The functional study of this polymorphism has been demonstrated; T allele in rs143383 was associated with the decrease of GFD5 molecule expression and might increase susceptibility to osteoarthritis [17]. Moreover, it has been report that the differential binding of deformed epidermal autoregulatory factor 1 (DEAF-1) can modulate the expression of GDF5 via this polymorphism [29]. It is believed that GDF5 plays role in the regulation of the chondrogenic cell growth and differentiation. These evidences support the function of GDF5 gene which might indicate the importance of this polymorphism in osteoarthritis etiology. As the result, many scientists have been working for study the association of this polymorphism in GDF5 gene. Recently, a large scale association study between GDF5 gene and osteoarthritis has revealed the genetic susceptibility of polymorphism in the GDF5; rs143383 with odds ratio 1.12 (95%CI 0.99-1.31) [18]. This study included the data from diverse ethnics which have been reported in the recent literatures. However, the magnitude of this association is smaller than the Asian ethnic, it has been reported from Japan that odds ratio is 1.79 (P = 1.18 × 10-13) for GDF5 polymorphism with per-risk allele (T) odds ratio by Miyamoto et al [17]. The magnitude of the association of GDF5 polymorphism is different between Caucasian ethnic and Asian ethnic. Furthermore, the association of this polymorphism from Greek and Korean study cannot demonstrate the association of GDF5 polymorphism [20, 30]. We have also reported the polymorphism in ESR1, which is associated with knee OA in Korean population. However, our result did not show any statistically significant difference [31]. Thus, these evidences can imply that the association of ethic and genetic susceptibility in osteoarthritis might not be consistent among the different populations and cannot be applied to others.
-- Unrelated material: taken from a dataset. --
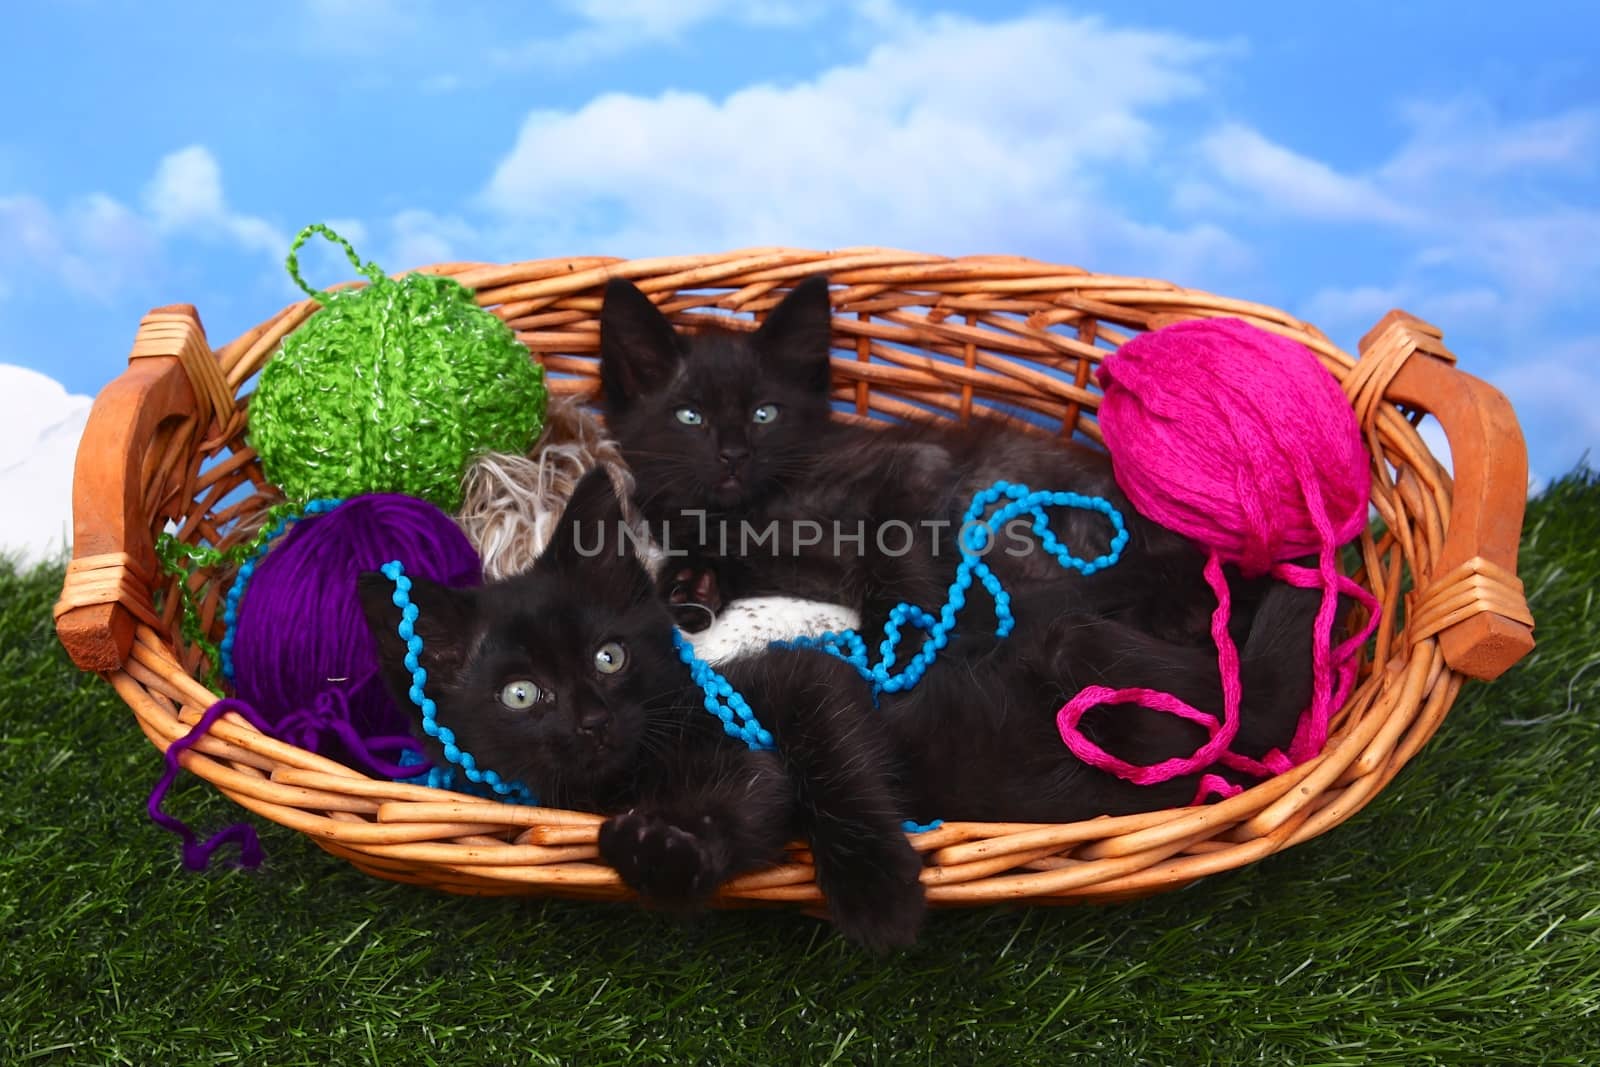 Loving Playful Kittens in a Basket of Yarn by tobkatrina

In addition, there is a report that GDF5 polymorphism (rs143383) also predisposes to Lumbar disc degeneration in women. Lumbar disc degeneration which is defined by disc space narrowing and the presence of osteophytes significantly associates with GDF5 polymorphism from cohorts from Northern Europe in women, with an odds ratio (OR) of 1.72 (95% CI 1.15-2.57) [32]. The genome-wide association study from Finland and Sardinia shows the common variants in GDF5 contribute to height difference [33]. The GDF5 gene might be involved skeletal growth and development and GDF5 variants might play role in pathogenesis of bone and cartilage diseases.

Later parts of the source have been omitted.